→ The problem: Reproduce all of the data exactly. Images are not to appear in the reply.

→ Provided material:
----

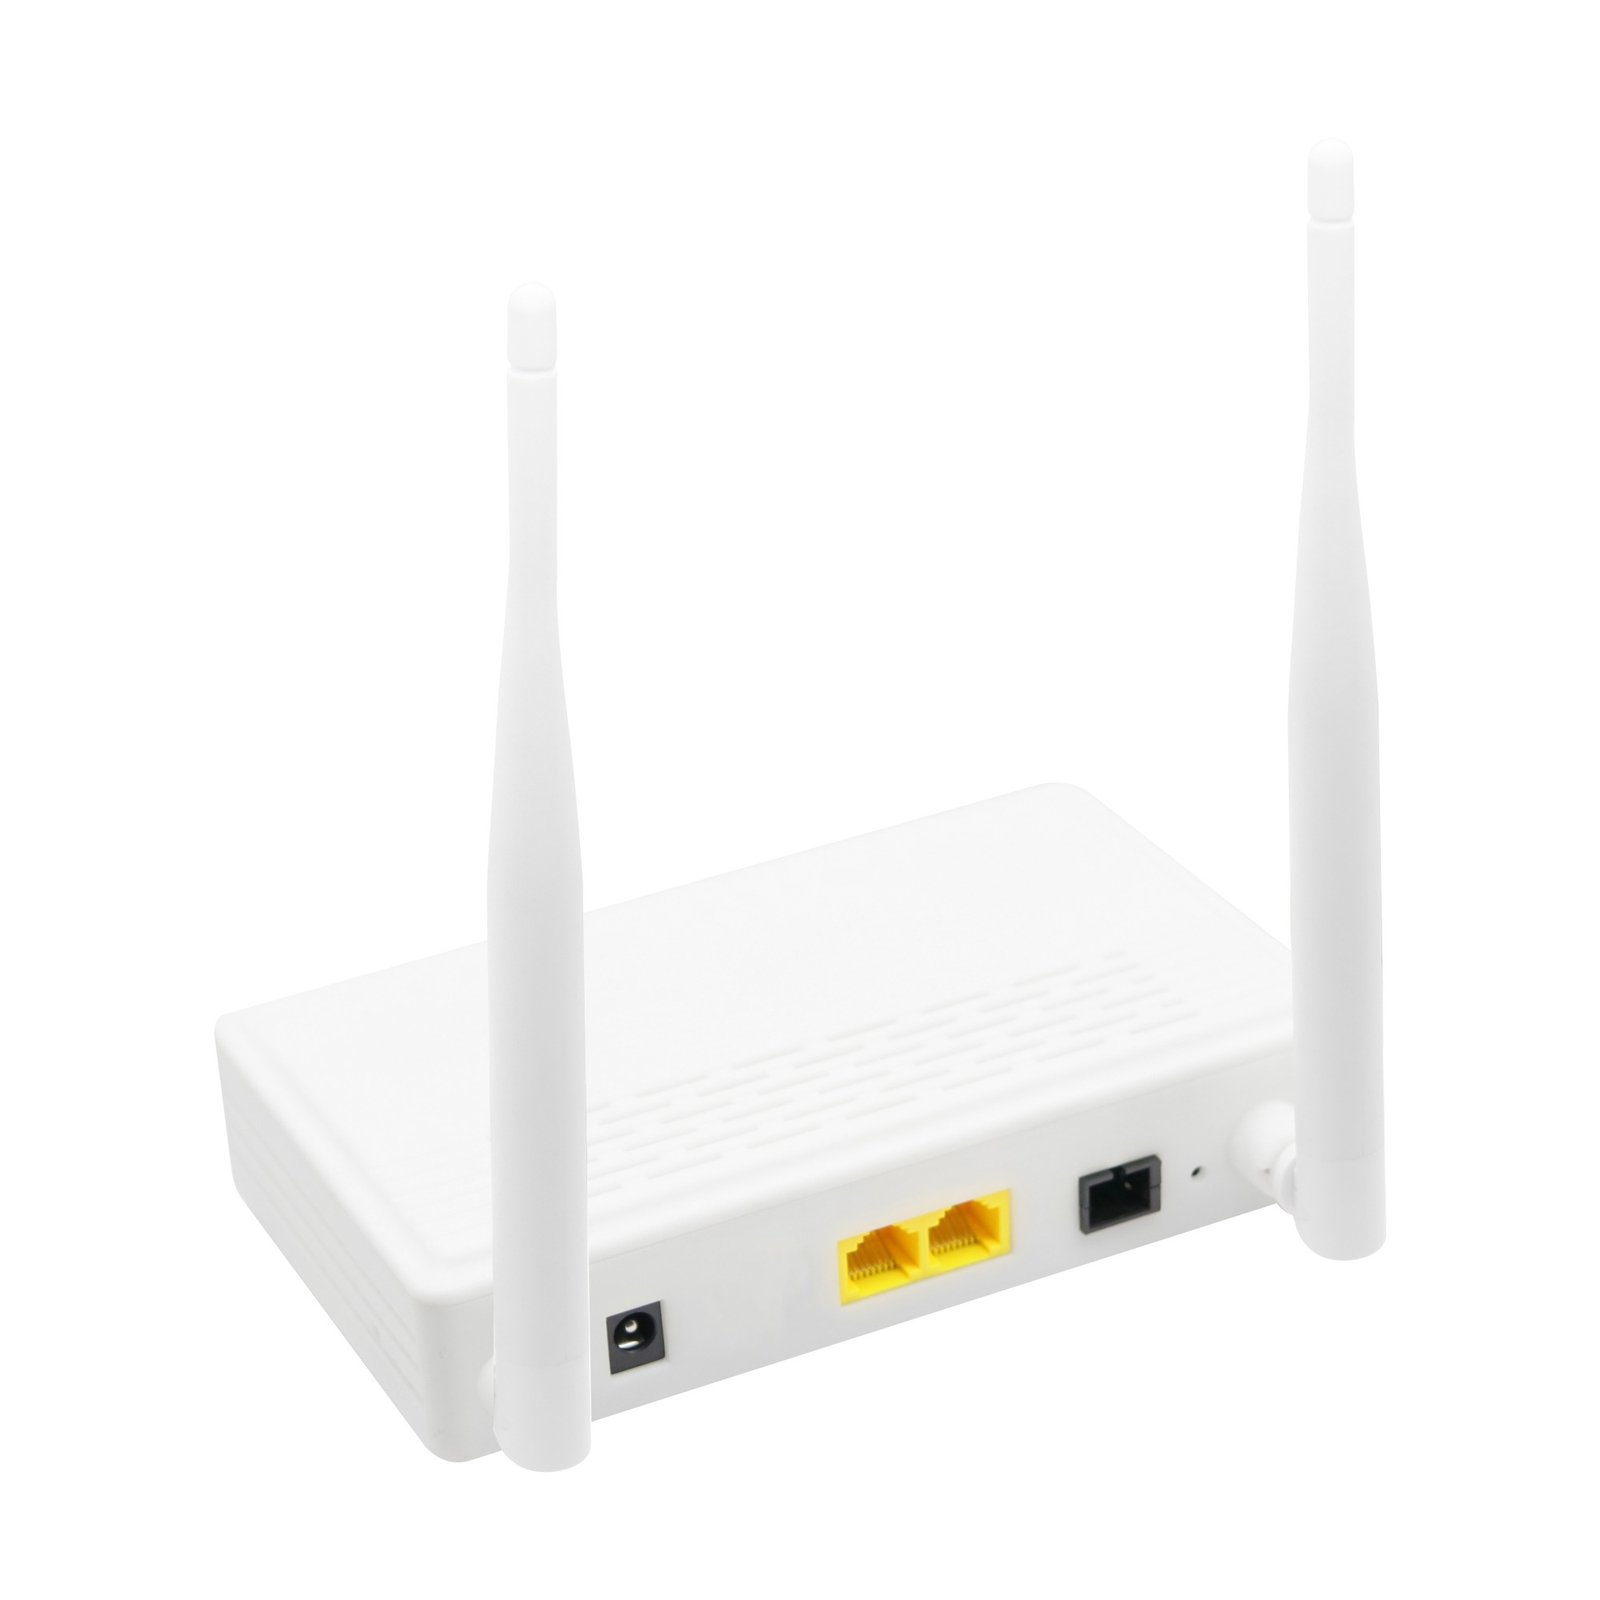 Hot Selling for Router Repeater - QF-HE101W EPON ONU 1GE+1FE WIFI  EPON ONT – Qualfiber
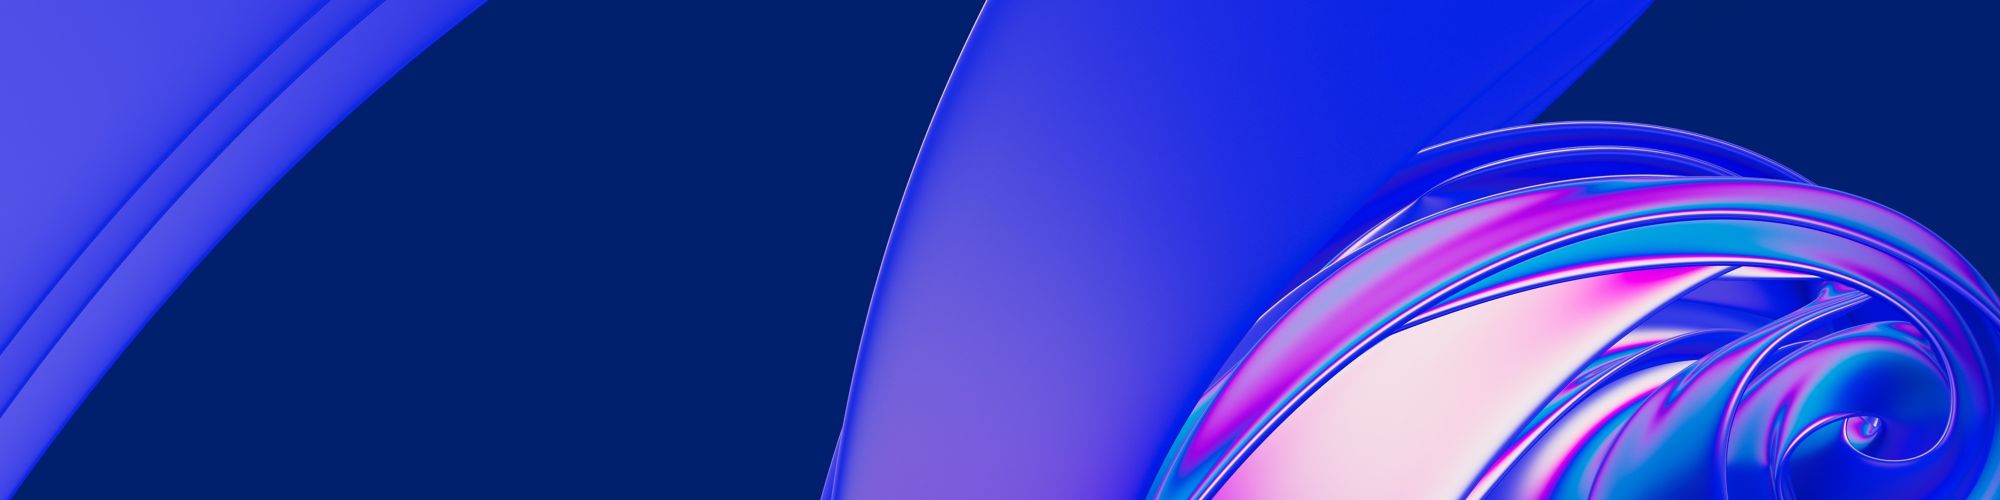 id-abstract-blue-navy-blue-wave-background
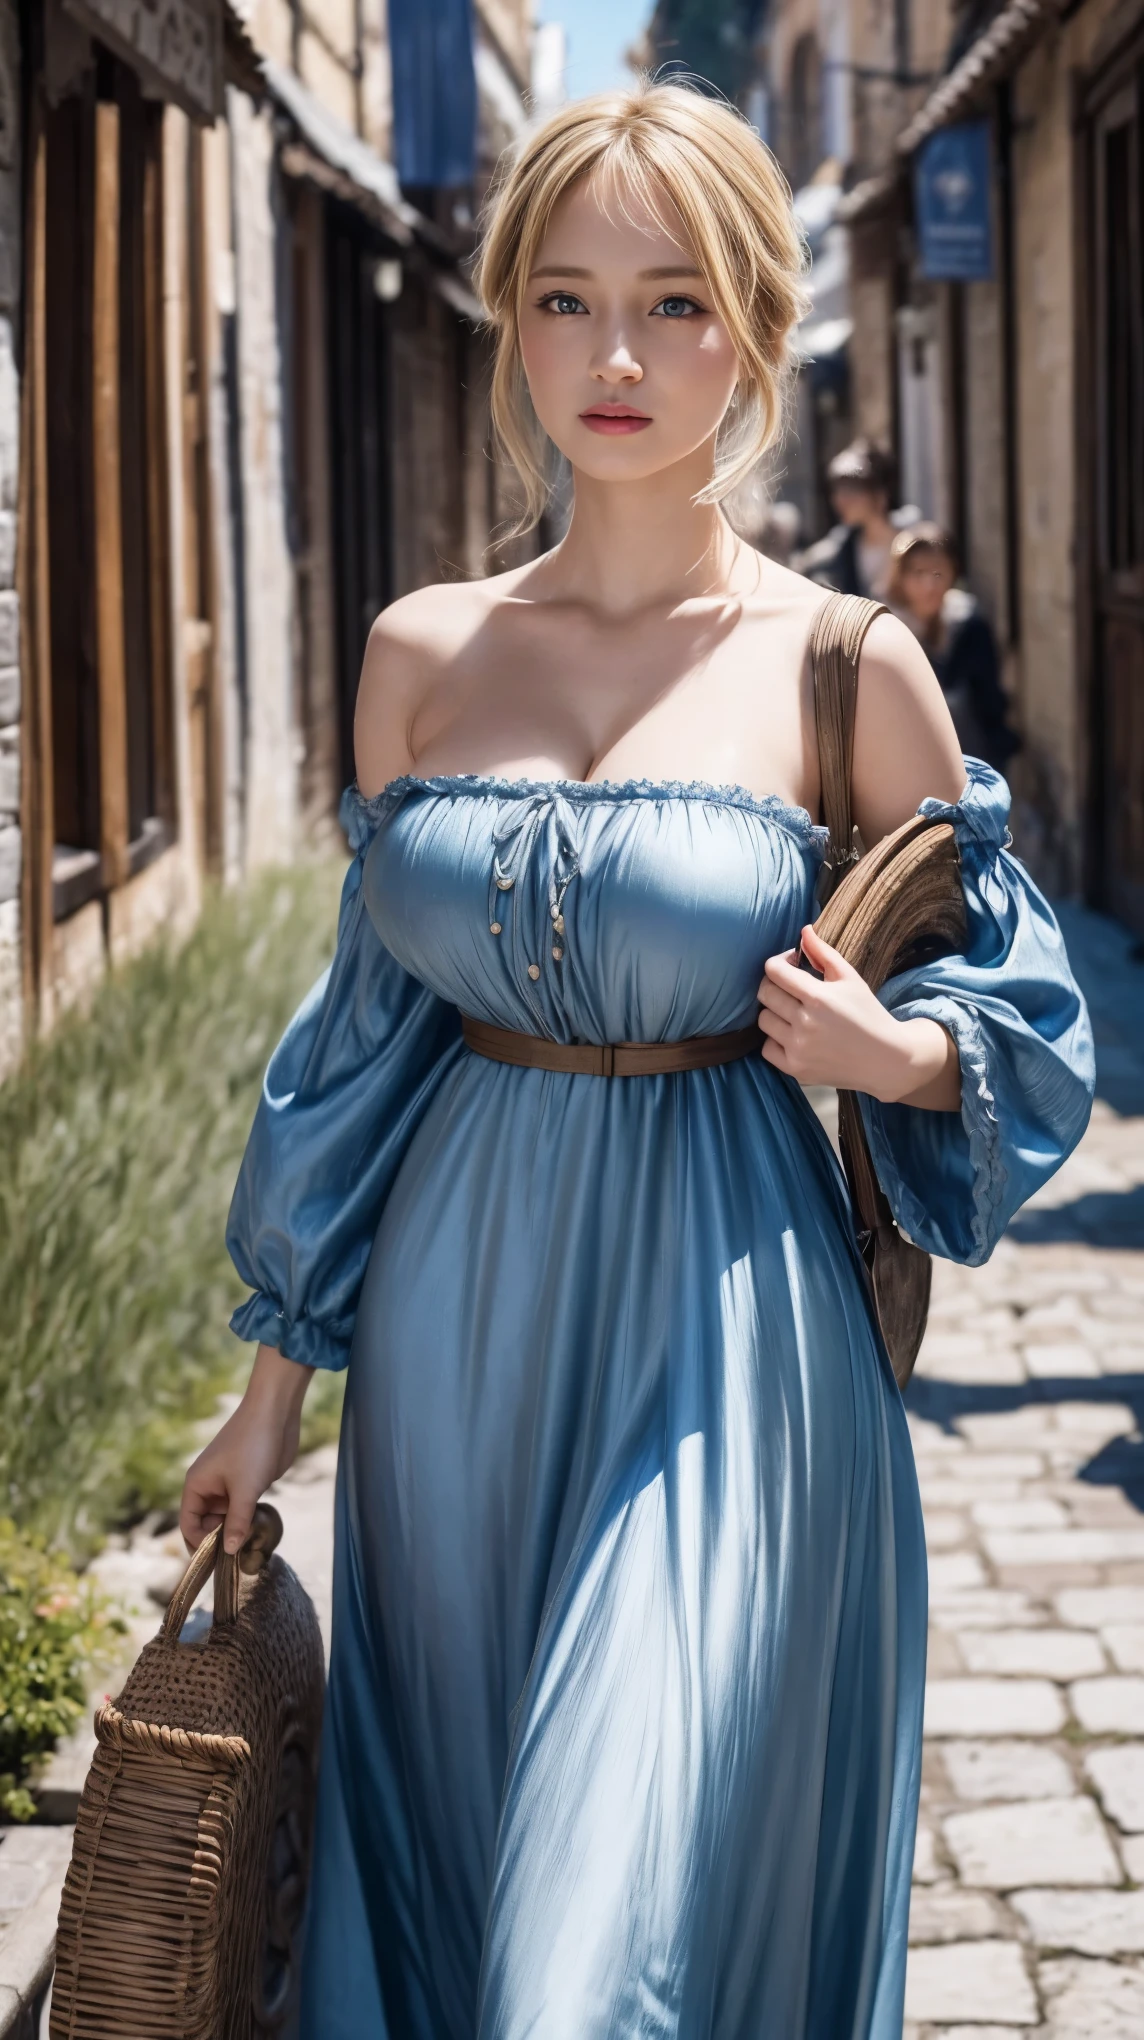 best quality, masterpiece, realistic photo, intricate details, raw photo, ultra detailed, old fashioned young woman, with sexy peasant style dress, no necklines, blonde hair, perfect detailed and blue eyes, walking in an old city, HD quality, 8K, young woman, 20 years old, big breasts, perfect body 
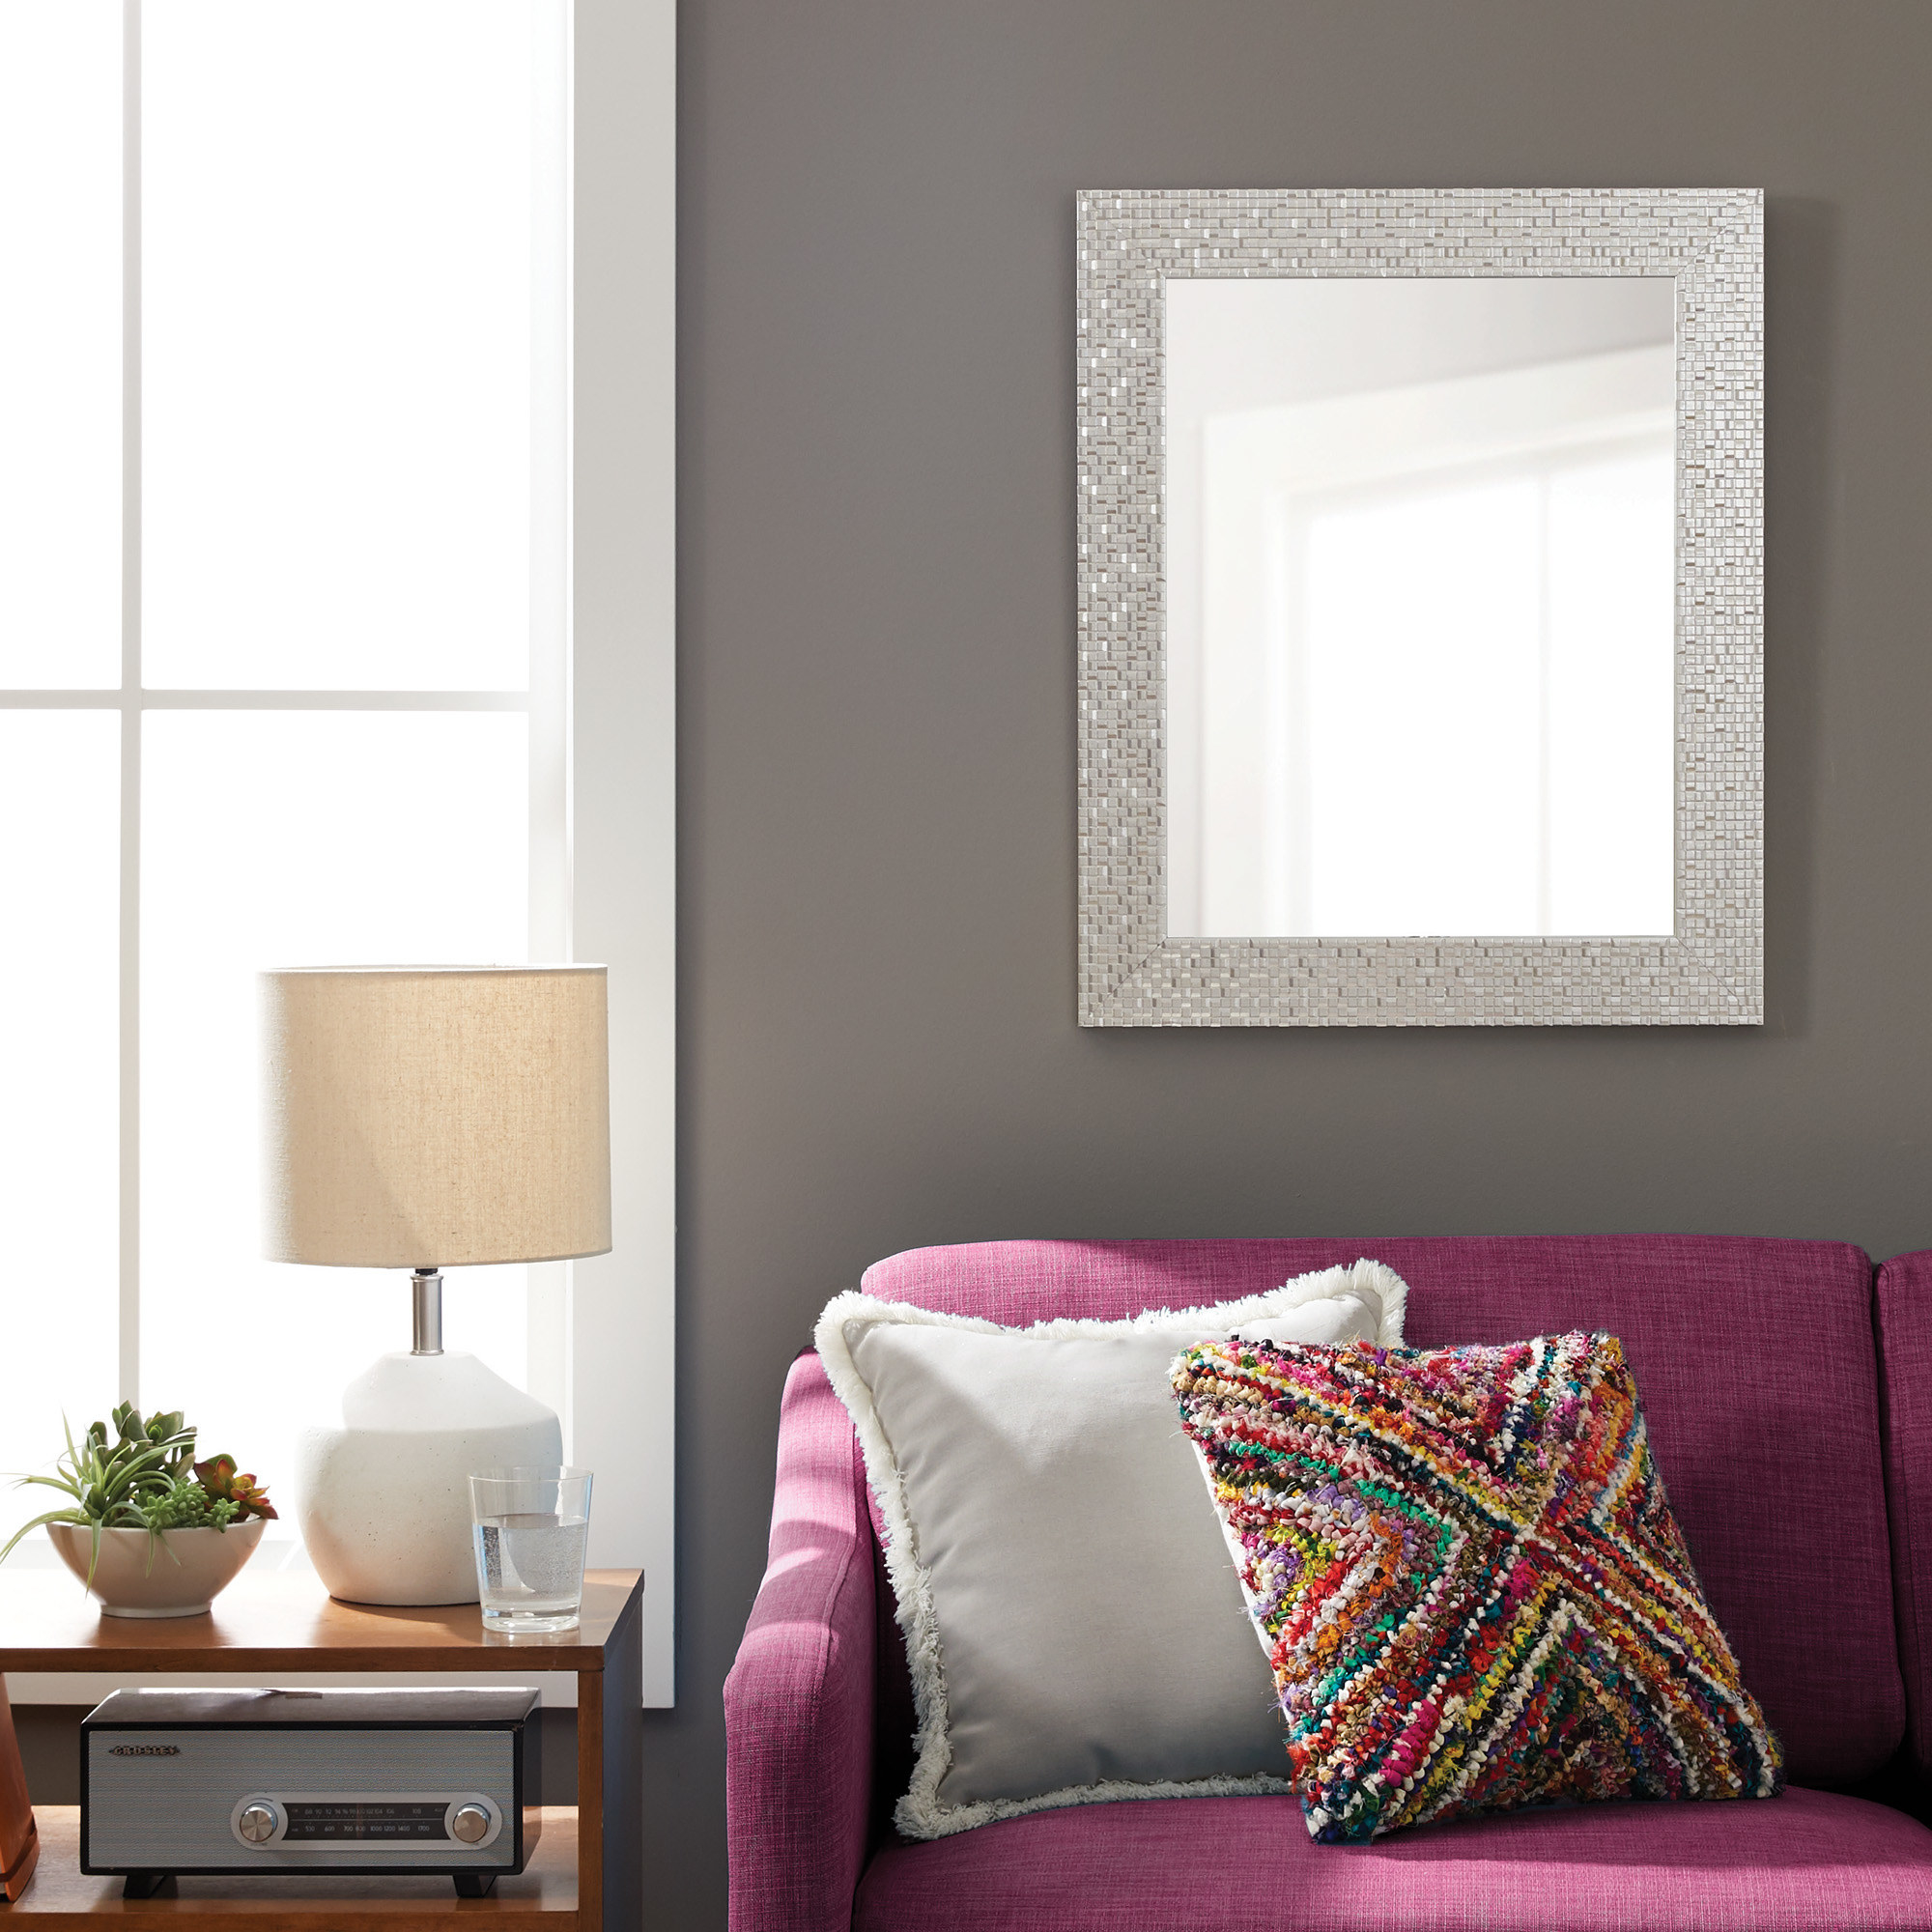 A silver mosaic mirror hanging over a magenta couch

----

→ Answer to the problem:
 Hot Selling for Router Repeater - QF-HE101W EPON ONU 1GE+1FE WIFI  EPON ONT – Qualfiber
 id-abstract-blue-navy-blue-wave-background
 best quality, masterpiece, realistic photo, intricate details, raw photo, ultra detailed, old fashioned young woman, with sexy peasant style dress, no necklines, blonde hair, perfect detailed and blue eyes, walking in an old city, HD quality, 8K, young woman, 20 years old, big breasts, perfect body 
 A silver mosaic mirror hanging over a magenta couch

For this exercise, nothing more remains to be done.